How to gsub string with any partially matched string

Question

I have my string as:

cc <- c("Bacter;httyh;ttyyyt", "Bacteria;hhhdh;hhgt;hhhg", "Bacter;hhhhdj;gg;dd", "Bactr;hhhg;ggj", "Bctg;hhgg;hhj")

I would like to replace any text matching Bact before first ; and replace it with Bctr.

I tried: gsub("[Bact*]+;", "Bctr", cc)

So, the result I would like is

Bctr;httyh;ttyyyt, Bctr;hhhdh;hhgt;hhhg, Bctr;hhhhdj;gg;dd, Bctr;hhhg;ggj, Bctg;hhgg;hhj

Any suggestion what I am missing here?

Answer 1

We can use sub by matching the Bact followed by characters that are not a : ([^;]+) and replace with "Bctr"

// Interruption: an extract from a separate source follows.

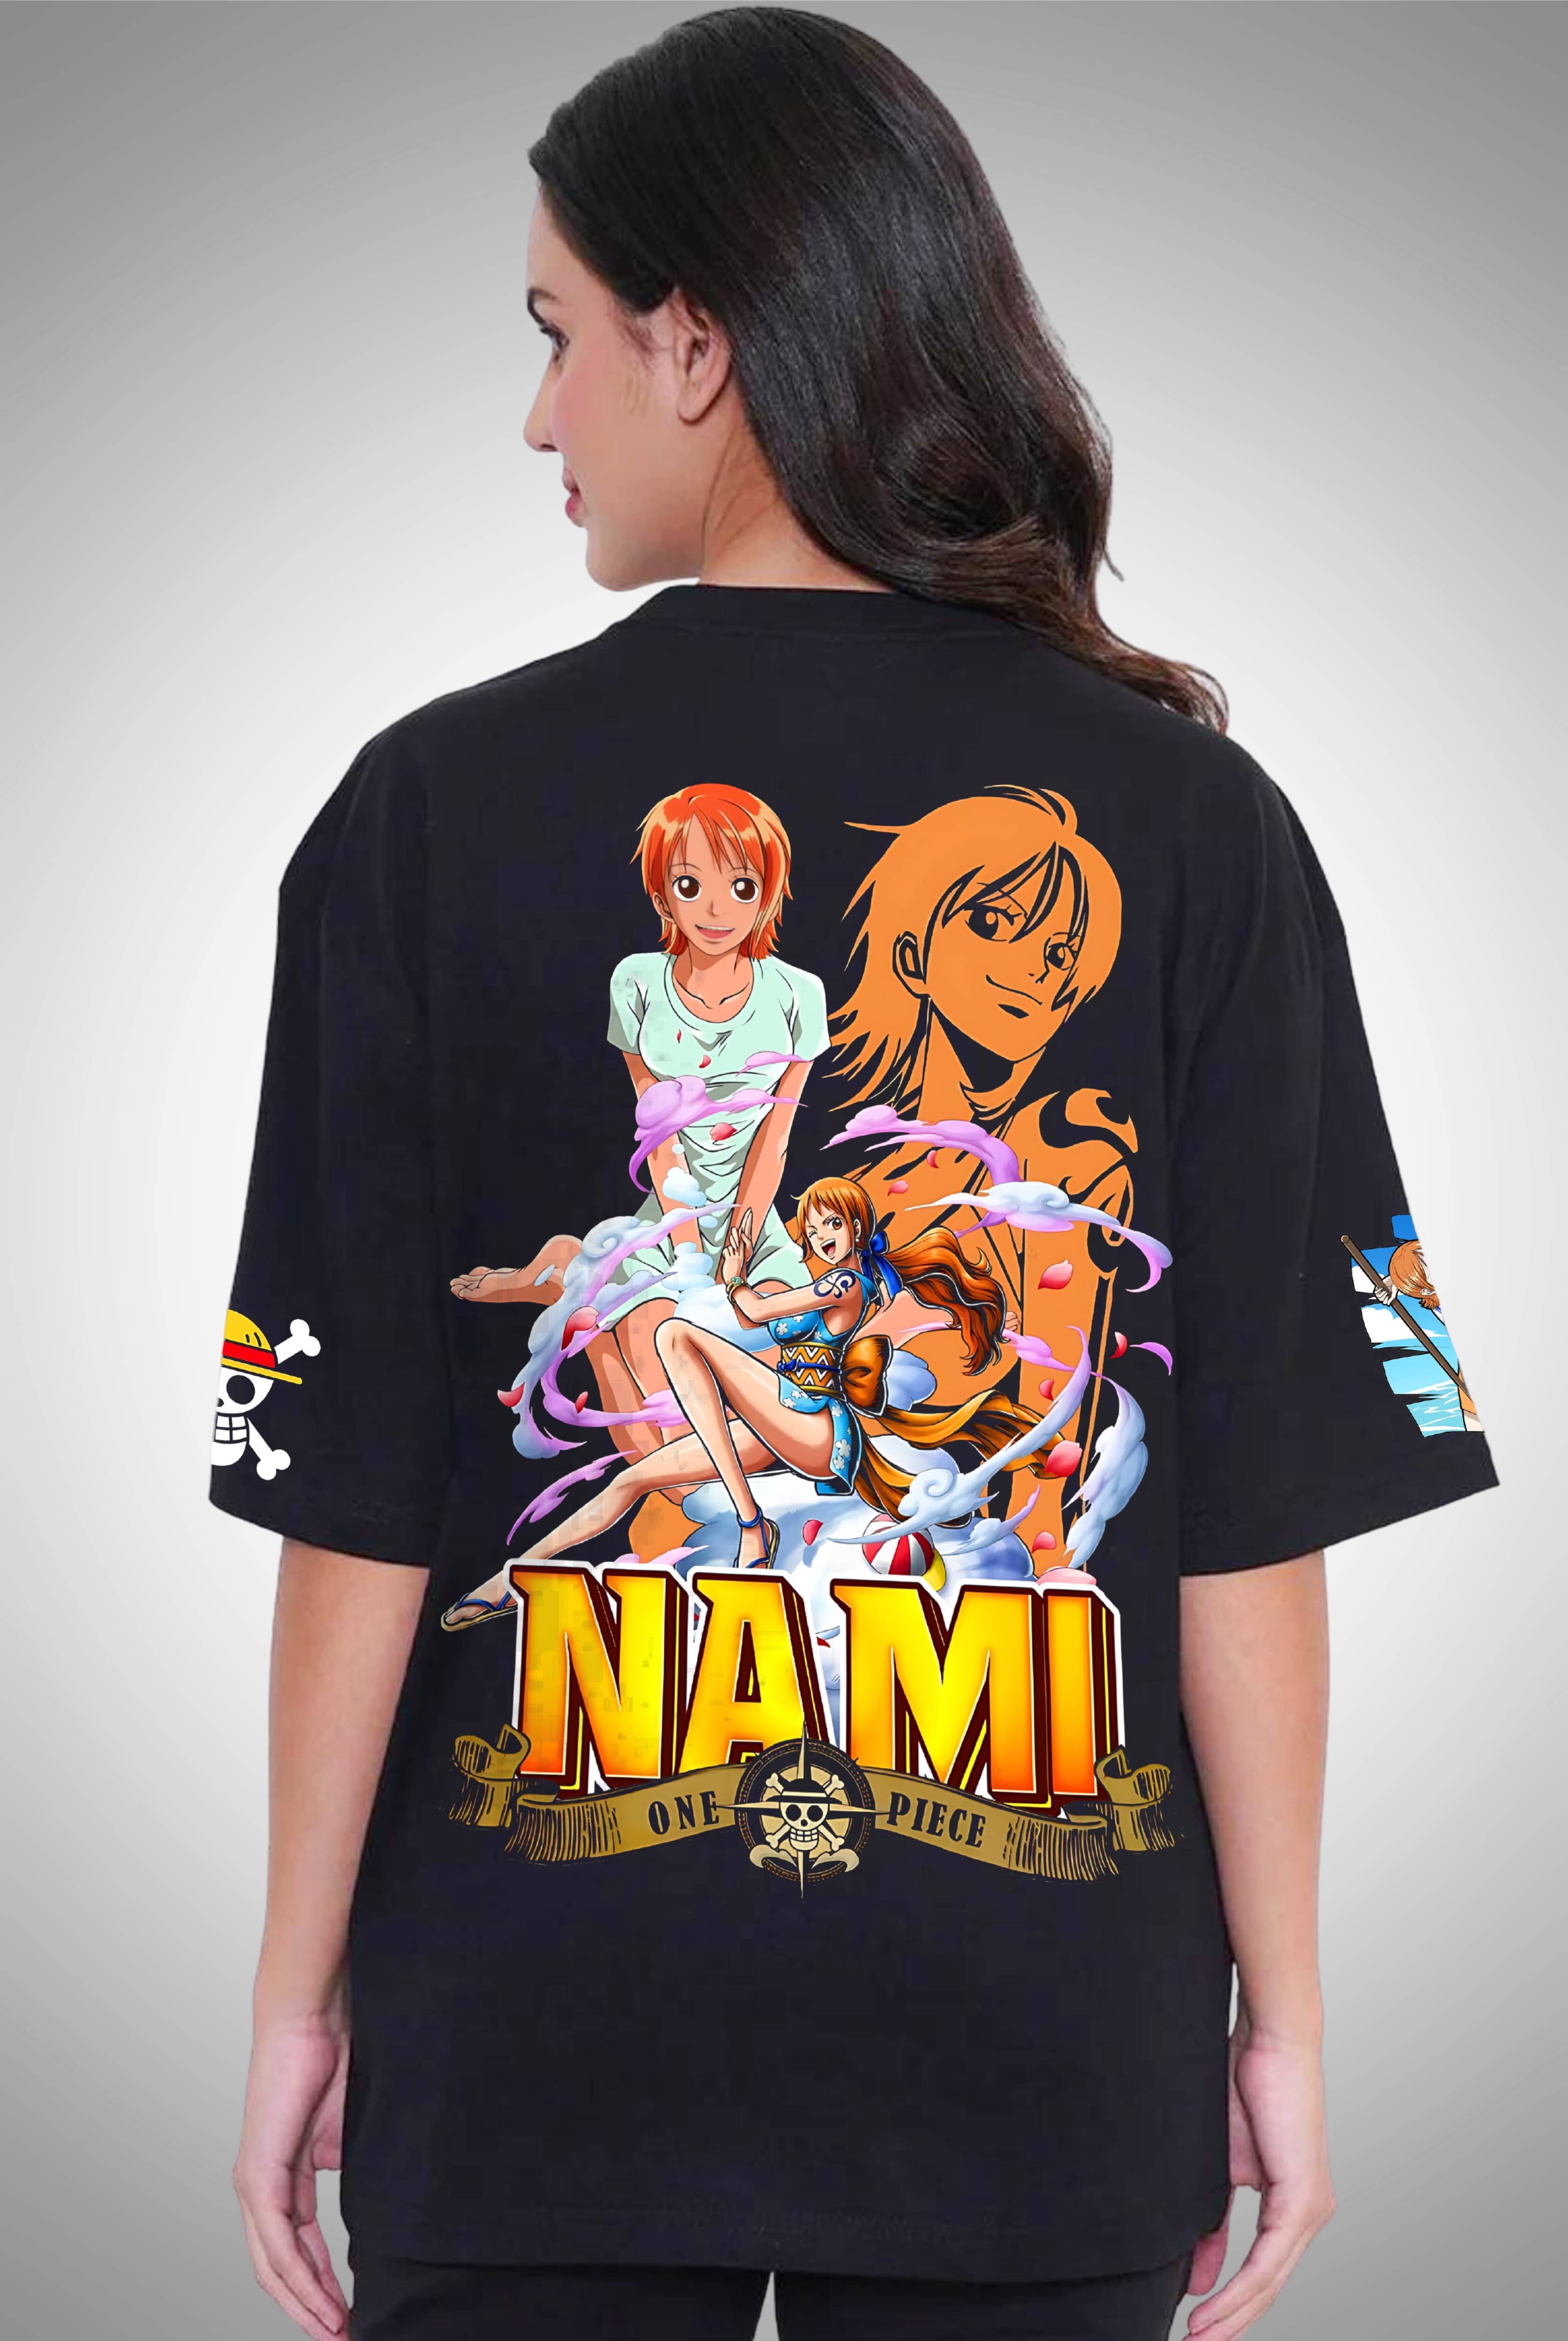 Nami One Piece Women's Oversized Anime T-Shirt

sub("Bact[^;]+", "Bctr", cc)
#[1] "Bctr;httyh;ttyyyt" "Bctr;hhhdh;hhgt;hhhg" "Bctr;hhhhdj;gg;dd"  
#[4]  "Bctr;hhhg;ggj"        "Bctg;hhgg;hhj"      

Answer 2

ifelse(grepl("Bact", cc),
       paste0("Bctr", substring(cc,
                                attr(regexpr("Bact.*?;", cc), "match.length"),
                                nchar(cc))),
       cc)
#[1] "Bctr;httyh;ttyyyt"    "Bctr;hhhdh;hhgt;hhhg" "Bctr;hhhhdj;gg;dd"   
#[4] "Bctr;hhhg;ggj"        "Bctg;hhgg;hhj"  

Answer 3

We can use sub and replace from "Bact" till the first semi-colon with "Bctr";

sub("Bact.*?;", "Bctr;", cc)
#[1] "Bctr;httyh;ttyyyt" "Bctr;hhhdh;hhgt;hhhg" "Bctr;hhhhdj;gg;dd"  "Bctr;hhhg;ggj"

*? is used for lazy matching making it to match as few characters as possible. So here it stops after matching with first semi-colon.

The difference would be clear if we remove ? from it.

sub("Bact.*;", "Bctr;", cc)
#[1] "Bctr;ttyyyt" "Bctr;hhhg"   "Bctr;dd"     "Bctr;ggj"

Now it matches till the last semi-colon in cc.